Exclude the pictures, and otherwise reproduce the data in full.

Segment Start: Information shown

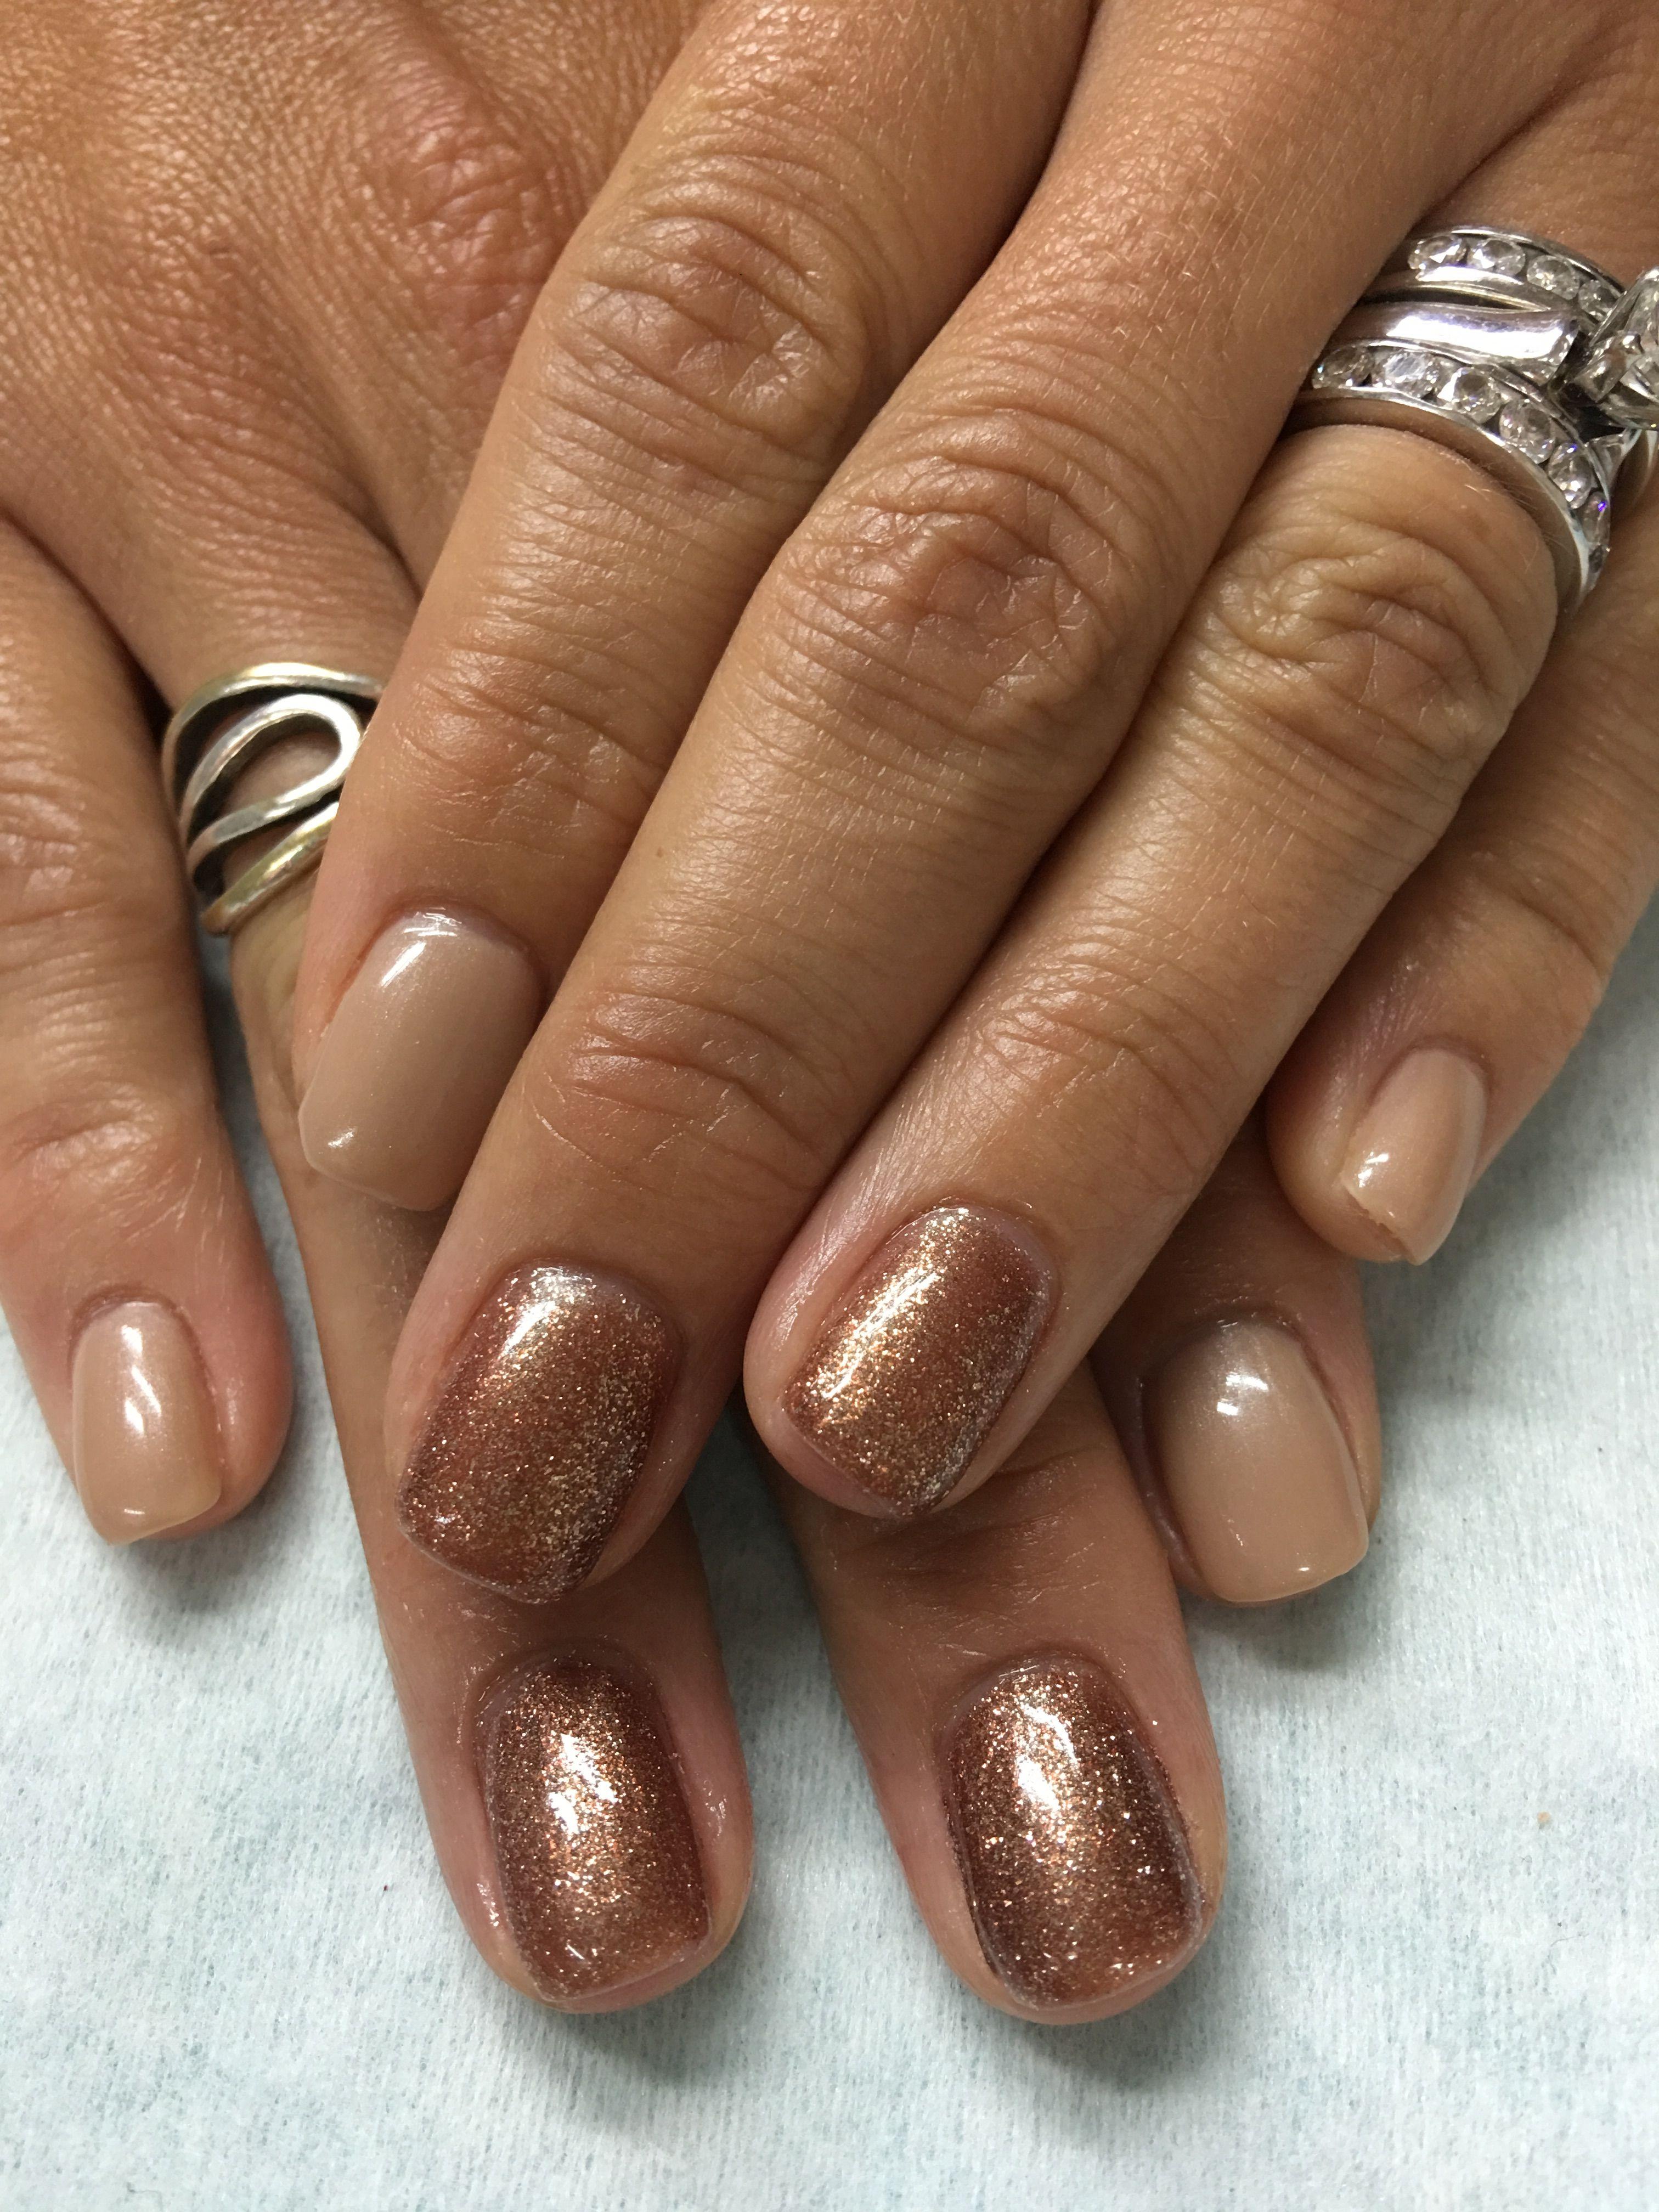 Tan/Beige Copper Fall Glitter gel nails | Gel Nail designs ...
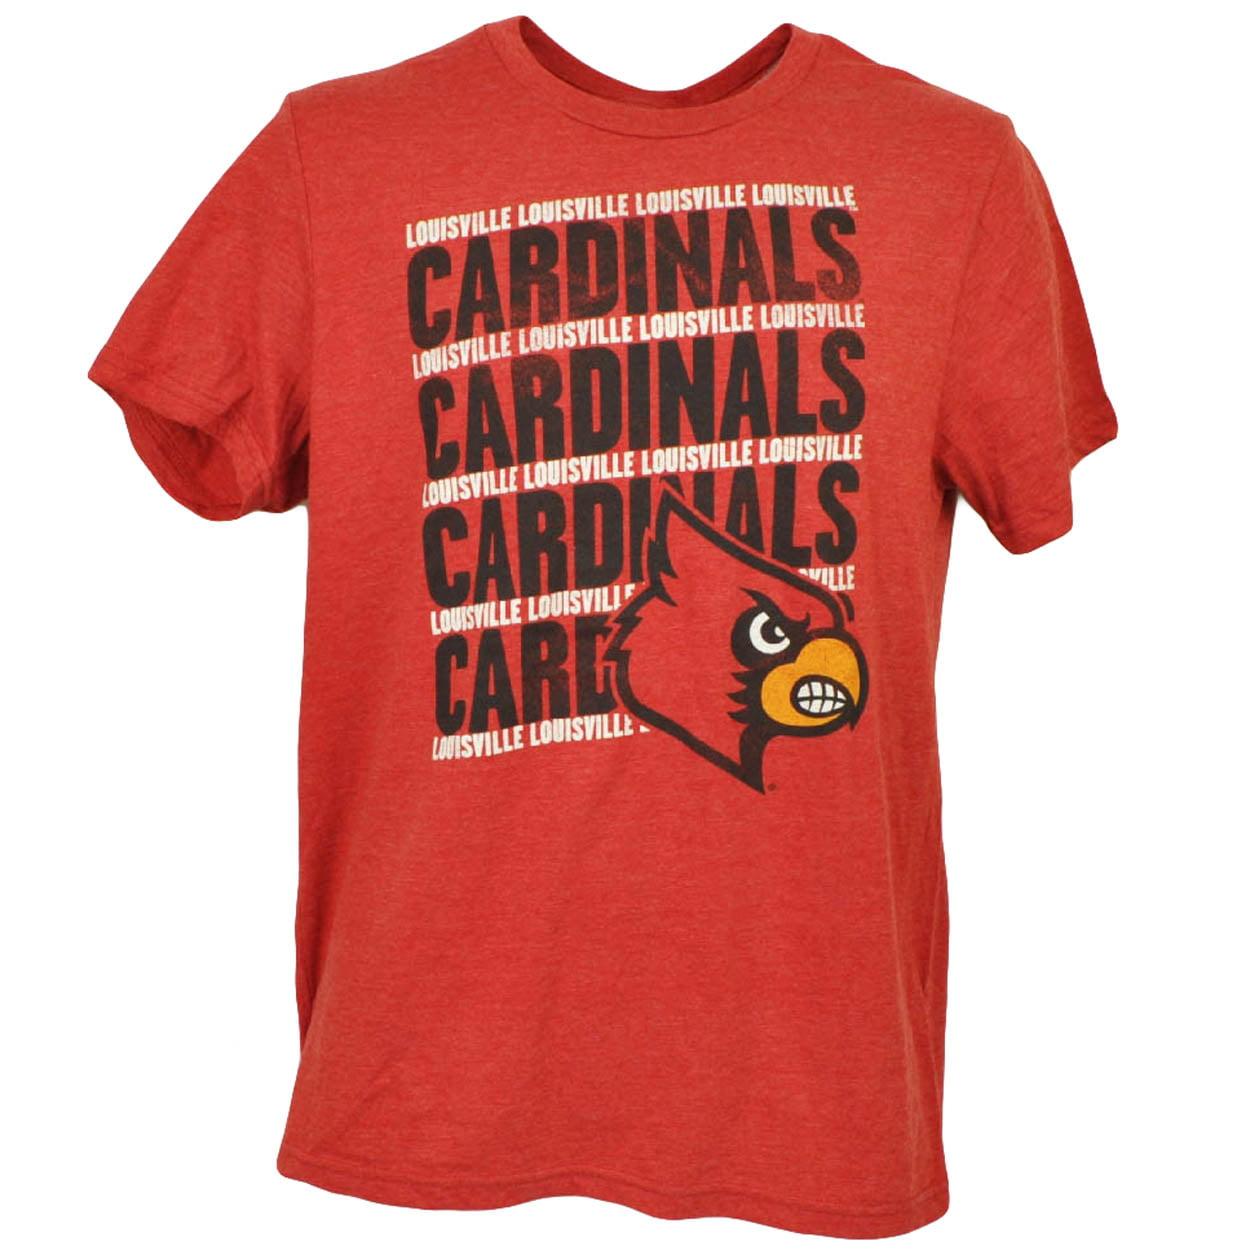 NCAA Louisville Cardinals Tshirt Tee Short Sleeve Crew Neck Mens Red Sports XL
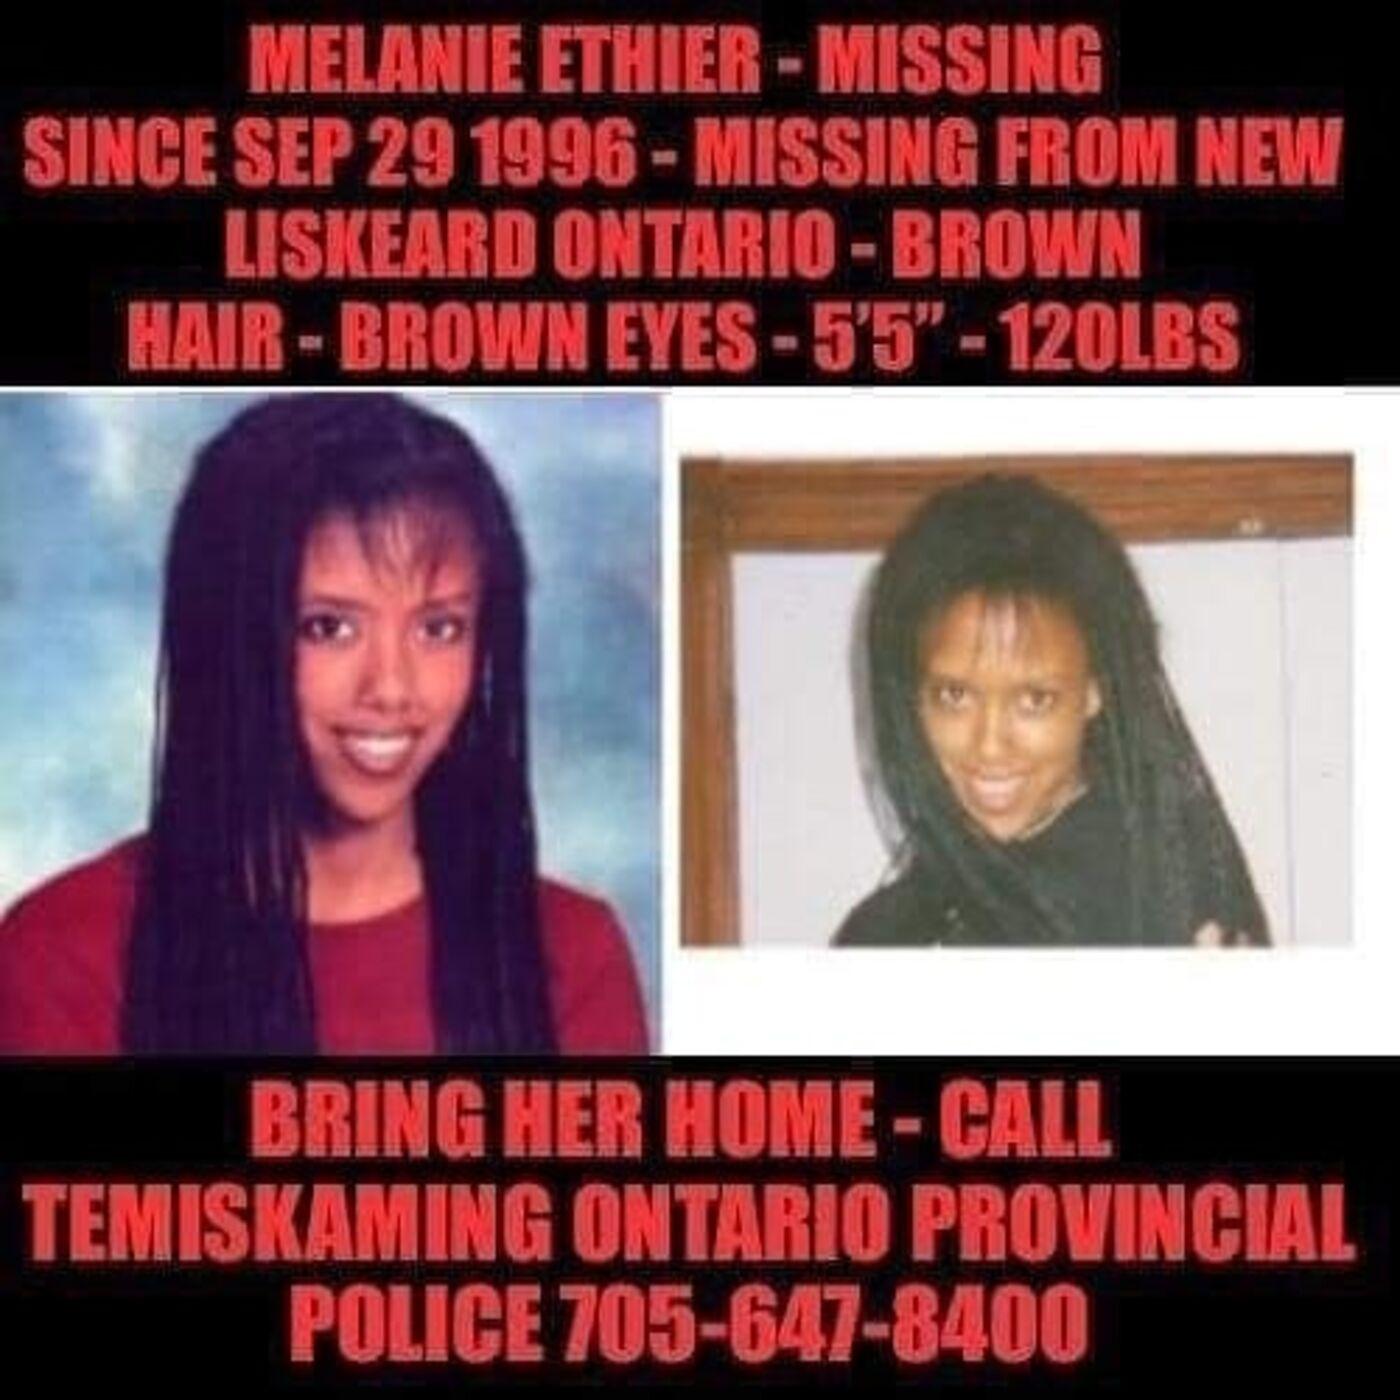 S1 E5 Melanie Ethier: 24 Years Later
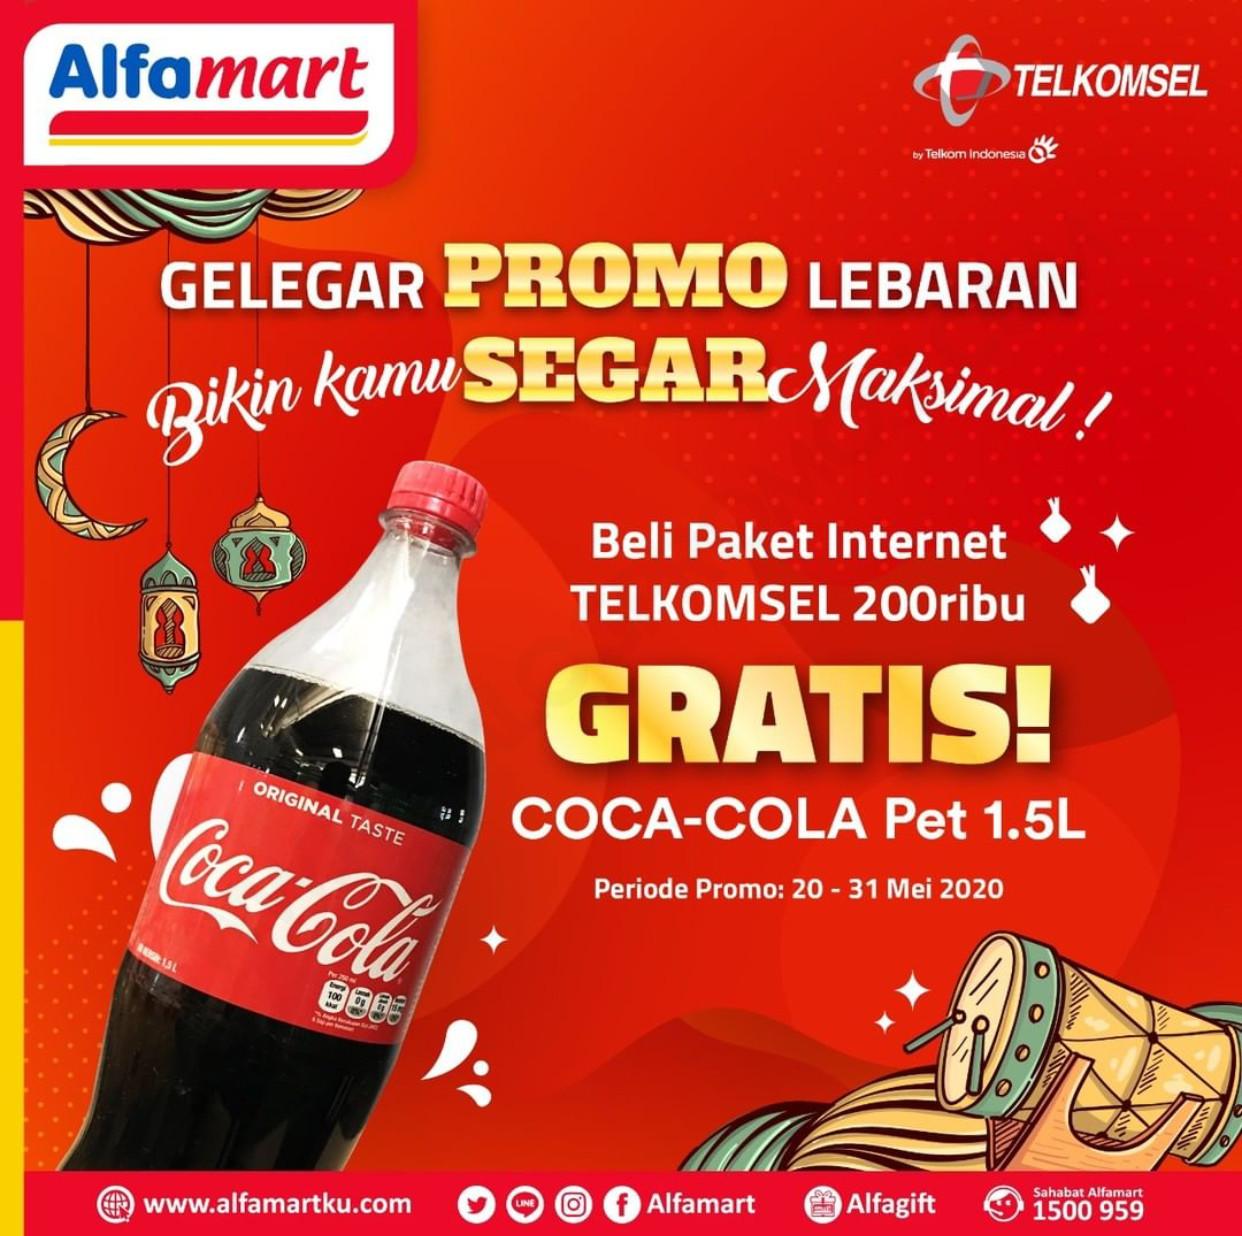 Promo Alfamart Gratis Cocacola Tiap Beli Paket Internet Telkomsel 20 - 31 Mei 2020

Segment End: Information shown

[Task response]
 Tan/Beige Copper Fall Glitter gel nails | Gel Nail designs ...
 NCAA Louisville Cardinals Tshirt Tee Short Sleeve Crew Neck Mens Red Sports XL
 S1 E5 Melanie Ethier: 24 Years Later
 Promo Alfamart Gratis Cocacola Tiap Beli Paket Internet Telkomsel 20 - 31 Mei 2020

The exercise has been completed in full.